10 SEO conferences. 7 cities. 2000+ attendees. 85 speakers. 93 presentations.

SEJ Summit was just a twinkle in our collective eyes 3 years ago. We’ve learned so much since.

We’re fortunate to enjoy consistently excellent ratings in attendee feedback surveys. Speakers ask to return every year. We’re able to attract talent from the industry’s leading companies such as Google, Microsoft, ESPN, and renowned speakers such as content strategist Ann Handley.

One of my primary responsibilities is working with speakers. I make sure their content is relevant for SEOs, includes current and proven tactics, and is interesting. We don’t want to waste the audience’s time or money.

One secret is an unusual requirement: every speaker must do a “dry run” of their presentation.

A couple weeks before, the speaker and I get on a call. While sharing a screen, the speaker gives their presentation as if there is an audience, complete with self-introduction and slides.

Afterwards, I give feedback on everything from timing, visuals, to coherency and effectiveness.

You see, we’ve found out the hard way that dry runs are the only reliable way to discover if the presentation is what it is supposed to be, and is as good as it needs to be.

I’m surprised more conferences don’t do it.

Here’s a few things I’ve caught:

  • Graphic images (dead animals, risque illustrations)
  • @#$%! Curse words
  • Tipos Typos by the dozen
  • Two speakers covering the exact same topic (reminds me of showing up at a party in the same outfit as someone else.)
  • Excruciatingly boring presentations

Some speakers hate this requirement.

We’ve had to convince more than a few speakers why this was necessary.

“You know that I’ve spoken at X, Y, and Z conferences…?” Or, “Don’t worry about me, I’ve been a professional speaker for years. This is not my first time.” (I could almost feel a pat on my head).

Nonetheless, we persisted. Fast forward to today: I’ve done 90+ dry runs with speakers for every SEJ Summit. I still have my scribblings in Evernote from them all.

Here’s what 90 speaker “dry runs” have taught me:

#1: Always Do What’s Best for the Audience

In a single session, you have 3 agendas at play:

  • The speaker, who may be interested in promoting a new product or service, or themselves.
  • The conference organizers, who are interested in filling a topic requirement or making a sponsor happy.
  • The audience, who is paying for the privilege to be there.

The audience’s interests should always win. And they’ll know if you compromised.

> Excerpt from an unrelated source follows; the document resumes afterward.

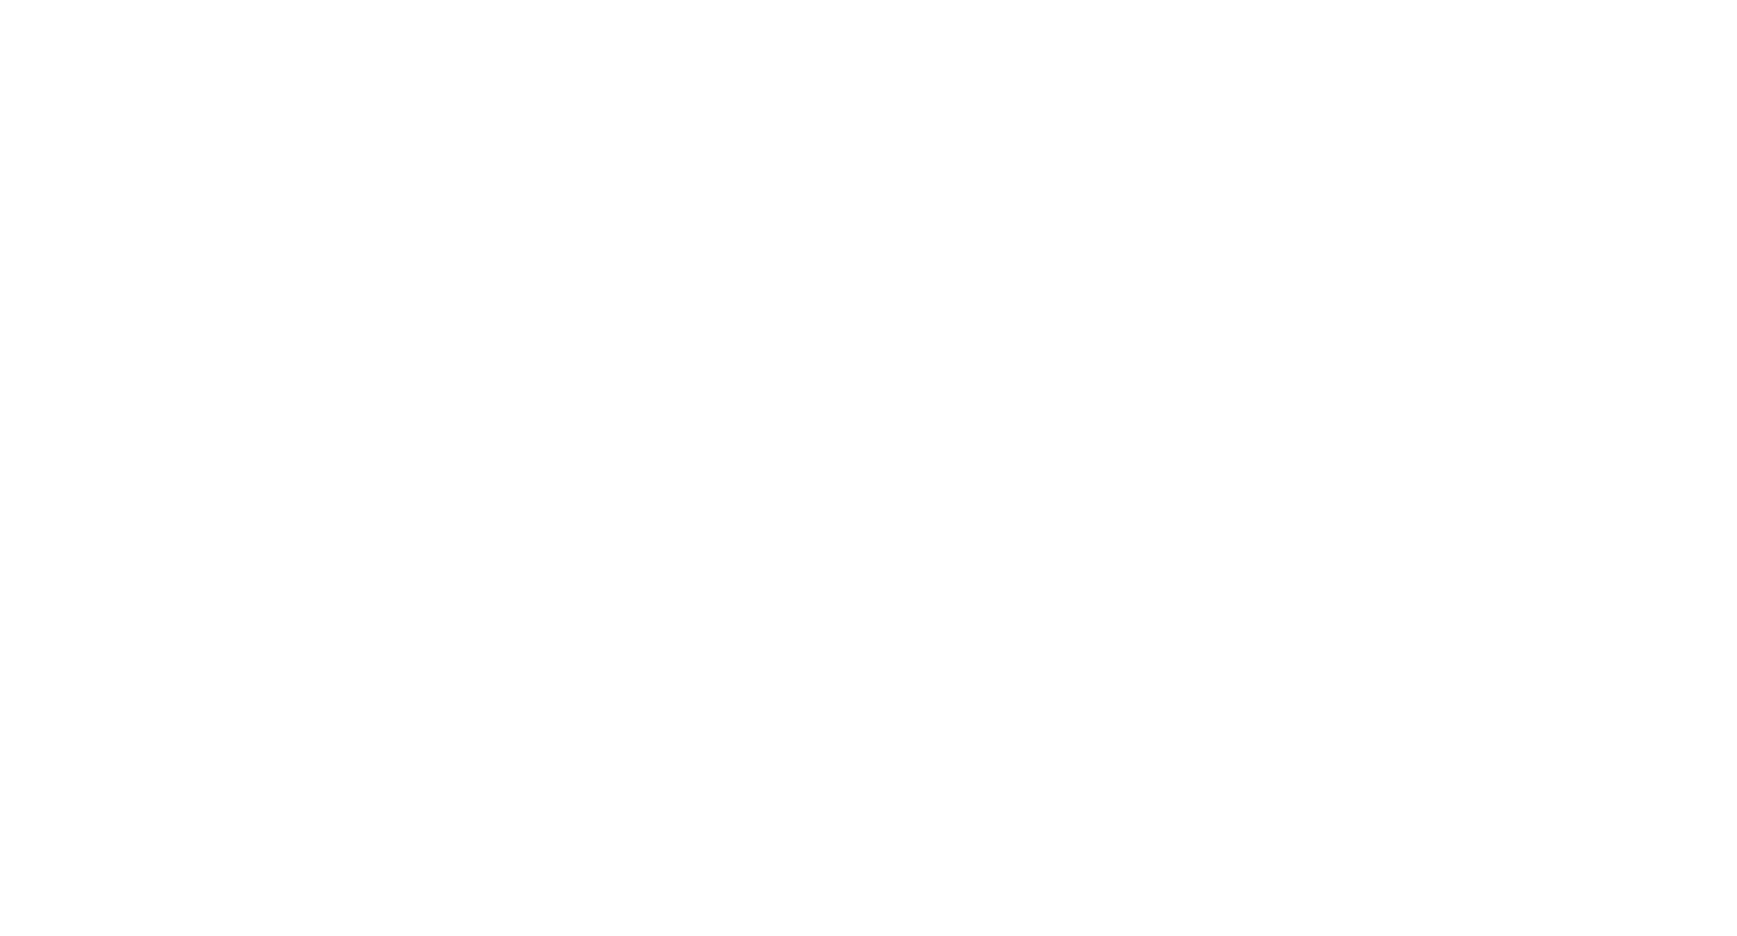 Technopolis, the Flemish science centre

#2: Star Power Only Goes So Far

Having recognized industry experts is a draw. But banking on name recognition alone is risky. If the star’s content isn’t relevant, updated and interesting, their ‘fame’ won’t save your speaker… or your conference reputation.

#3 Practice Makes Perfect

The best orators of our time, from Winston Churchill to John F. Kennedy, had one thing in common: PRACTICE.

When I compared the dry runs versus the live sessions, the live sessions were almost without exception, better in every regard.

I like to think that this is partly because the dry runs are an effective vehicle for practice.

#4 Treat the “Little People” Well

Putting on a conference takes a village. We learned that speakers who were rude or ignored staff (staff who were just trying to schedule the dry runs or ask for presentation drafts when they were due) usually meant escalating speaker diva behavior later. To make matters worse, these folks tended to be subpar speakers as well.

When we saw this happening, we learned it was best to nip it in the bud early, and fired the speaker so we could start over with someone else.

#5 Feedback, It’s Your Friend

Show me a speaker who gets defensive and completely resists incorporating feedback, and I’ll show you a speaker who will likely get negative feedback from the most important judge: the audience.

There’s a reason public speaking is feared more than death. Speakers have their egos on the line. But no content is perfect, no speaker is perfect.

The speakers who fought the most against recommendations, tended to do more poorly in our survey results.

For SEJ Summit Chicago, we’ve incorporated all these learnings into what is shaping up to be our best conference yet.

If you see me there, please introduce yourself! I’d love to get YOUR feedback: we are always learning.

Please join us for a conference “by SEOs, for SEOs” on May 11. Early bird tickets end March 31.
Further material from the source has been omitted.